And "me too" on using e1000.  I have an Intel PRO/1000 MT Server NIC with jumbo
frames on.  And my hunch is the bug is network related:

Crash:
#1: can't remember
#2: froze immediately when I released the mouse button to drop some files in
Nautilus on an XP file share.
#3: froze when I opened an ssh window from XP to linux and ran dmesg: it output
about 2 pages of dmesg and froze

It doesn't appear to be samba specific, so someone change the summary.  If
everyone here has e1000 (esp the higher end ones with all the advanced features)
then I think we have found the culprit.

I am now running 2174 and it hasn't crashed yet (24 hours, light usage but lots
of NFS and remote MythTV).  I no longer have the previous kernel installed but
will go back to that if 2174 crashes again.  If I can capture a panic dump I
will post it here.

Comment 20 Trevor Cordes 2006-09-25 04:18:33 UTC

PS: I don't think I'm using "forcedeth", in fact I have no idea what that is. 
But if it's a mod, lsmod doesn't show it on my system.

Comment 21 Allen Kistler 2006-09-25 21:46:21 UTC

pza wrote in Comment #18

> Couldn't find a newer kernel at davej's
> site.... looks like he has taken them down.

The kernel has gone from unofficial testing to official testing.
It's now at

http://download.fedora.redhat.com/pub/fedora/linux/core/updates/testing/5/

as build 2189.  That means if you find bugs in it, you can file them with
Bugzilla, whereas with unofficial tests you could only complain about it on the
lists.  The announcement is at

https://www.redhat.com/archives/fedora-test-list/2006-September/msg00746.html

P.S.  bart can probably close this bug as "Rawhide" if no one objects.

Comment 22 Matt Castelein 2006-09-27 16:25:10 UTC

I am also having this panic with 2187 and forcedeth driver on a sun Ultra 20

Comment 23 Richard Tresidder 2006-10-04 05:00:44 UTC

I've also tried this kernel and eperience a hard lock when any network traffic
goes over my eth0 link which is using the e1000 driver.
I have no problems at all with data traversing my eth1 link which is using the
natsemi driver.
Have reverted back to the 2174 kernel for the moment. no problems with that one.

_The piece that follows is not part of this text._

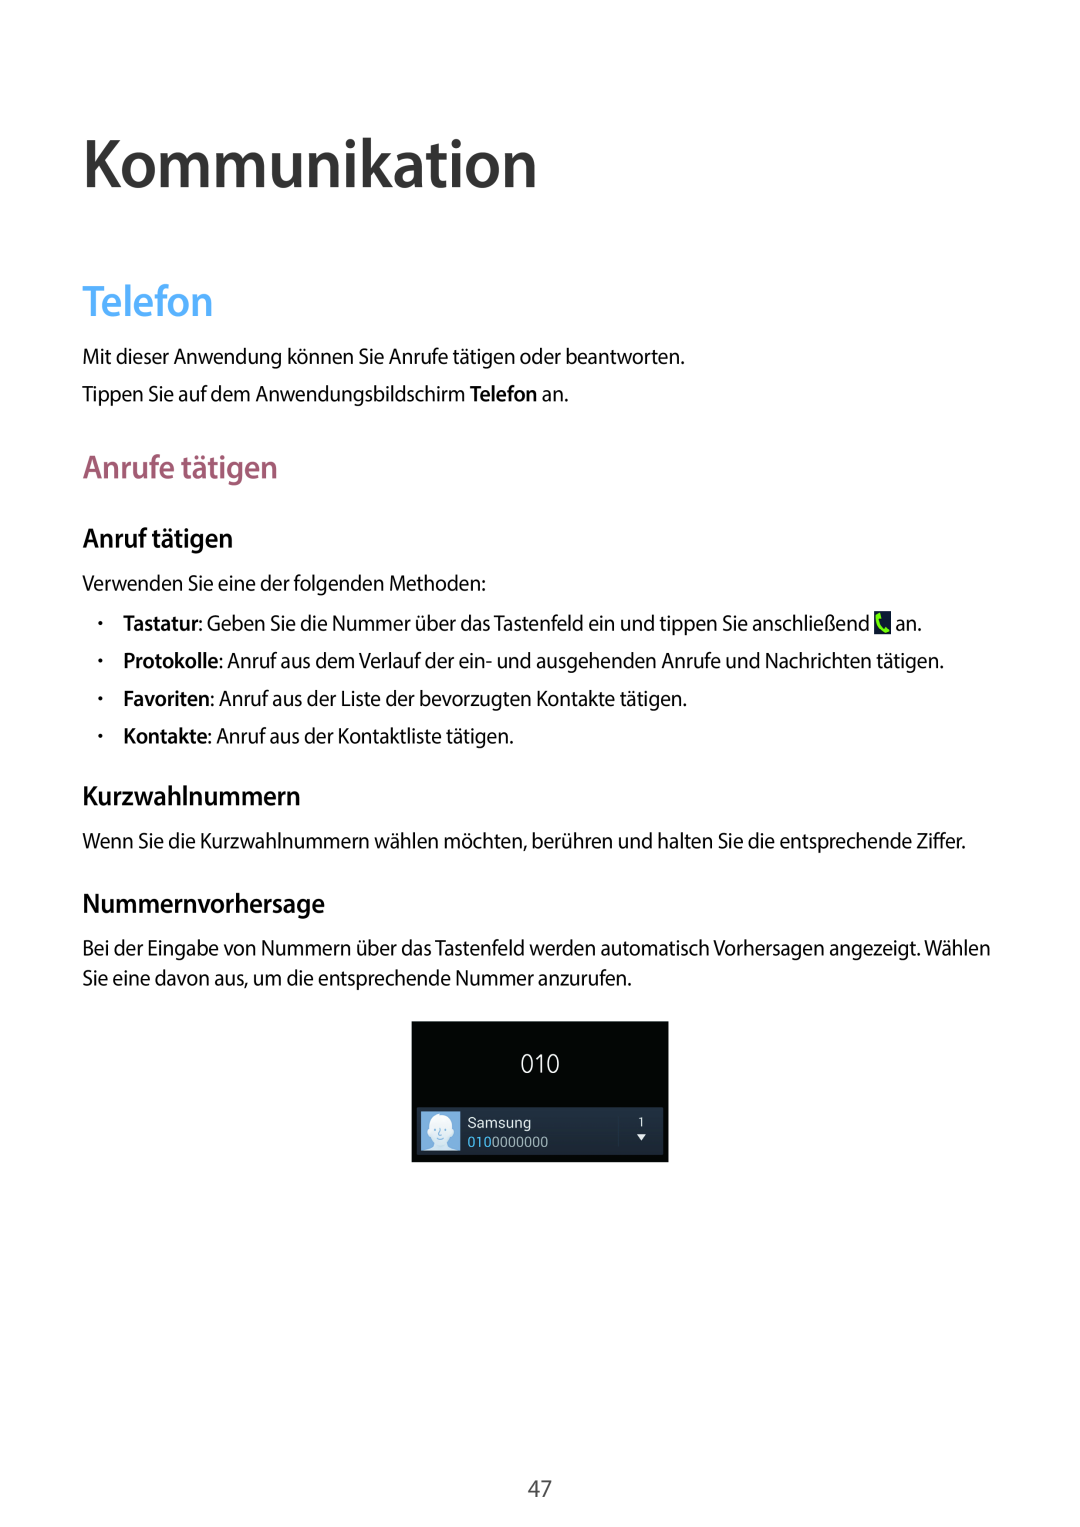 Samsung SM-C1010ZKADBT manual Kommunikation, Telefon, Anrufe tätigen, Anruf tätigen, Kurzwahlnummern, Nummernvorhersage

Comment 24 Andrey Petrov 2006-10-04 11:46:01 UTC

I'm experiencing the exact same problem (kernel panic) with 2.6.17-1.2187_FC5 on
a x86_64 box while trying to transfer files over HTTP or SCP.
The funny thing is the machine has two ethernet NICs and the problem occurs only
when using the integrated nvidia controller. Serving files to the other network
(via the second NIC) works fine!

Comment 25 Trevor Cordes 2006-10-04 20:26:00 UTC

This just happened on a friend's system too, when upgraded to FC5 2187.  His
system has an onboard e1000.  So this bug is not just limited to high-end MT
e1000 server cards.  If it occurs with all e1000's then this is a very nasty bug
indeed.

As an interesting note, my friend has his box (a router/firewall) unplugged from
the LAN (via e1000) for a few days, though it was still on the WAN (via tulip).
 It was 100% stable until the e1000/LAN was plugged in, then it had about 10
panics in 2 days.

As a follow-up to comment #19, my own system has not crashed at all in over a
week using 2174.  My friend's system also seems stable (for 6 hours so far) with
2174.

If this bug has been closed-rawhide, does that mean an errata will be issued for
FC5?  I can't see any mention of anyone here actually finding the source of this
bug and what the code fixes are.  Has it been fixed upstream?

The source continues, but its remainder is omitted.